The Academics
Are Future Artists Getting the Best from their Programs?
Fun fact: there was a moment in time where myself, Julia May Jonas (who wrote the novel Vladimir and created the TV show of the same name on Netflix), and Jennifer Fawcett (whose second book Keep This For Me has become a breakout hit) were all adjunct faculty at Skidmore College.
We were teaching, respectively, in the Theater, English, and Cinema departments. Each of us was already starting to accomplish huge things, yet the school would not make any of us full-time faculty, which is why my feelings about academia are not super high.
Because for the departments and the students… this was crazy.
I was teaching comic book creation and IP creation- and a few months later would see King Spawn sell 500k copies of its first issue. And then get a development deal at Universal.

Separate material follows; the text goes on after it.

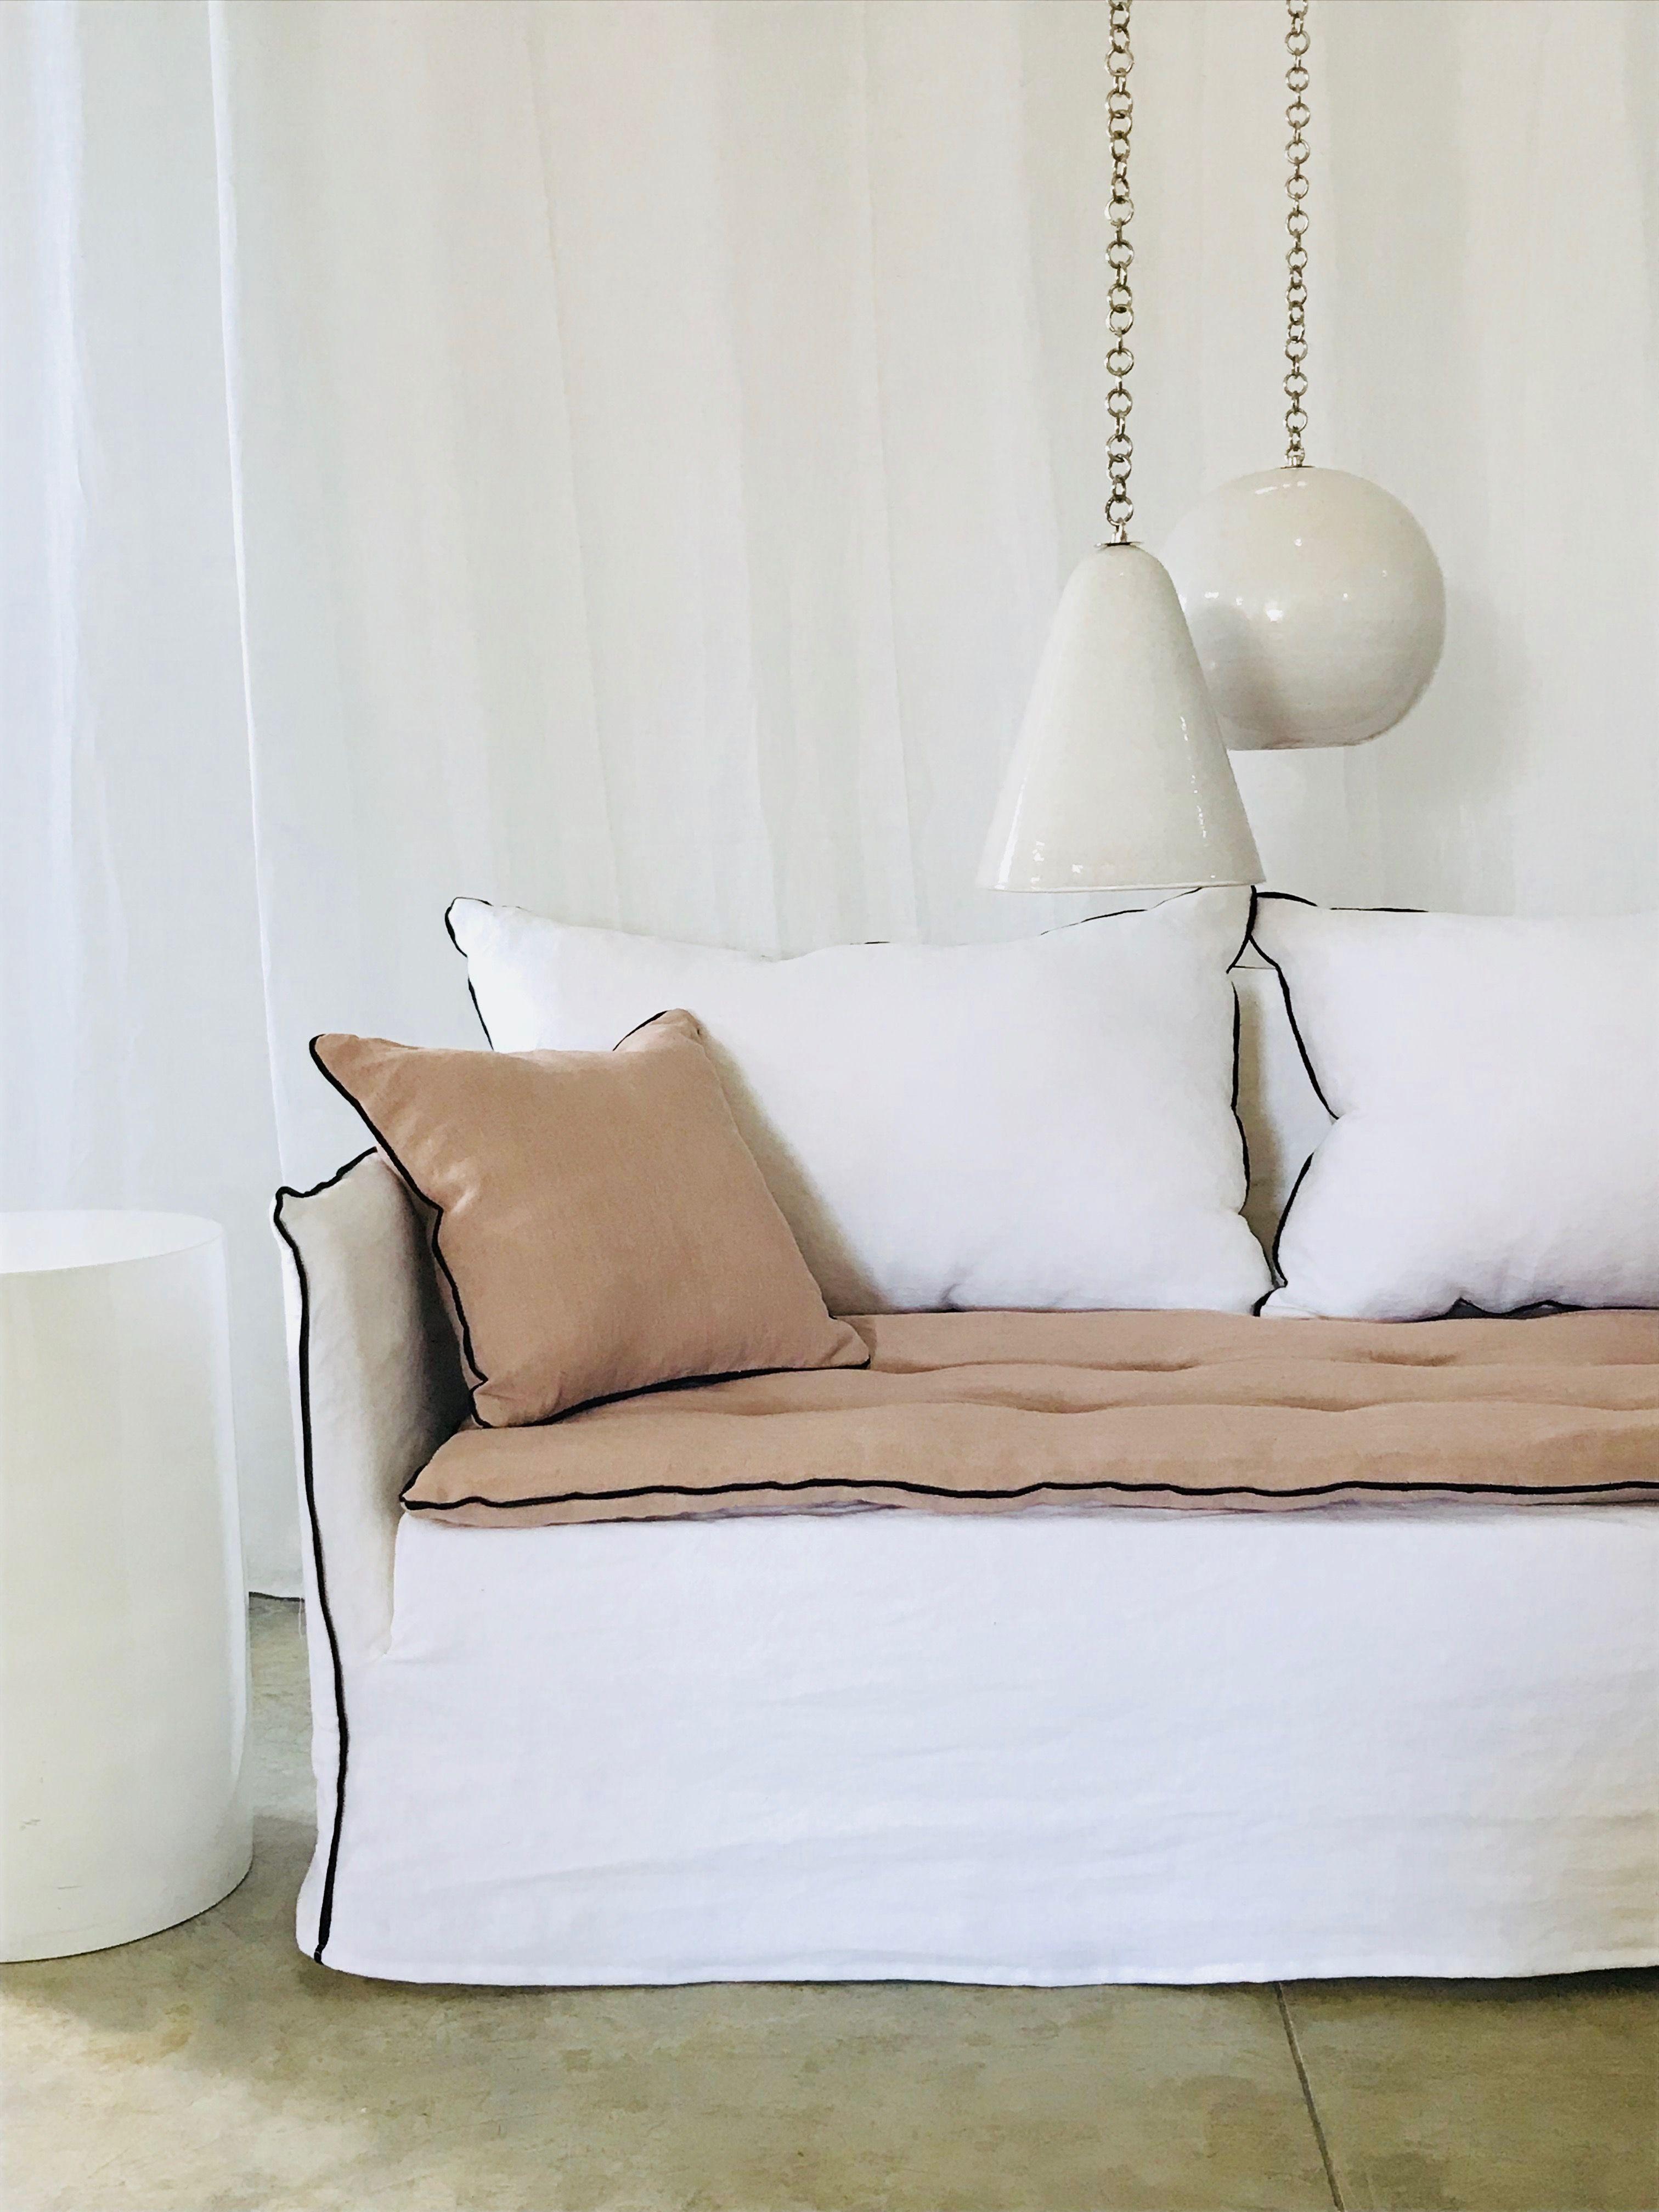 Canape Sur Mesure Lin Lave Blanc Avec Sofa Cover Lin Lave Rose The Meuble Canape Petit Canape Canape

Julia would have a hit book, a hit TV show and plays off Broadway.
Jennifer would have plays touring Canada and two hit books from Simon and Schuster.
Classes by us were full. Students were getting tons of access as we were rising in real time.

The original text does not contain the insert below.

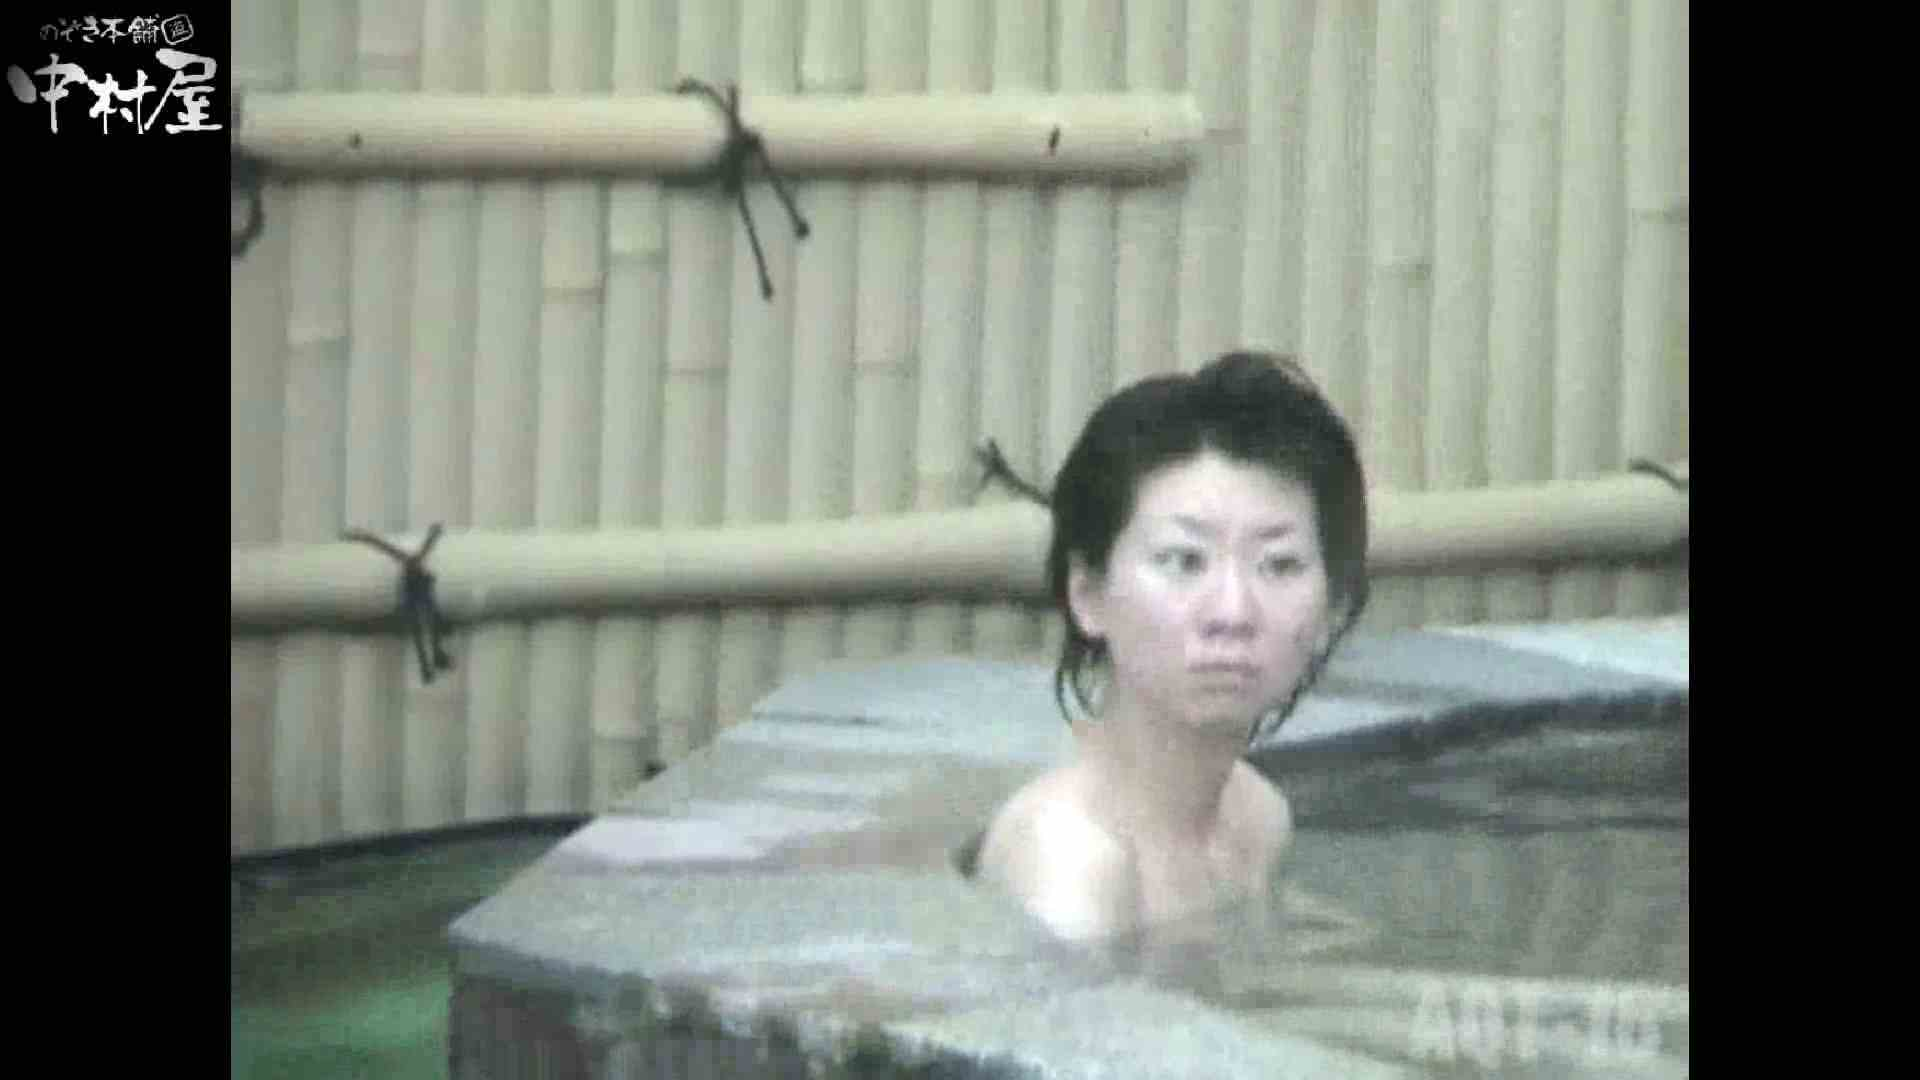 Aquaな露天風呂Vol.880潜入盗撮露天風呂十六判湯 其の三 潜入画像 | 露天  78画像 50

And… the college did nothing
It was insane not to create full-time jobs for the people I just mentioned; the educational benefits for the students would have been innumerable. But that’s not how academia works, and when you say it out loud, people get mad. I wonder if in the future we’ll have new types of schools or colleges with different types of accreditation. Colleges are becoming outrageously too expensive.
Maybe that’s what this substack will become…. a new form of school for artists? What if you could use this type of forum to get a high level writing education from high level artists? Hmmmm….

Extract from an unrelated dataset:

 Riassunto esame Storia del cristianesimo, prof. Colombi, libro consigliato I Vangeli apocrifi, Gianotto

This week, I got asked to speak at the University of Southern California in the fall, in a class that will specifically be about becoming your own “one-person studio”. This is everything right now. How do you rely on no one? It’s probably the only way to get a foot in the door and the only way to actually make money. With each contract, ground is lost by the Writers Guild and the Actors Guild (I don’t know anything about the Directors Guild; maybe they’re doing amazing). Healthcare continues to go up, the amount of available jobs keeps going down, and everyone is kind of trapped in the same situations over and over again.
I’ve survived because I generate and create and control my own work. I know how to do it and how to teach it.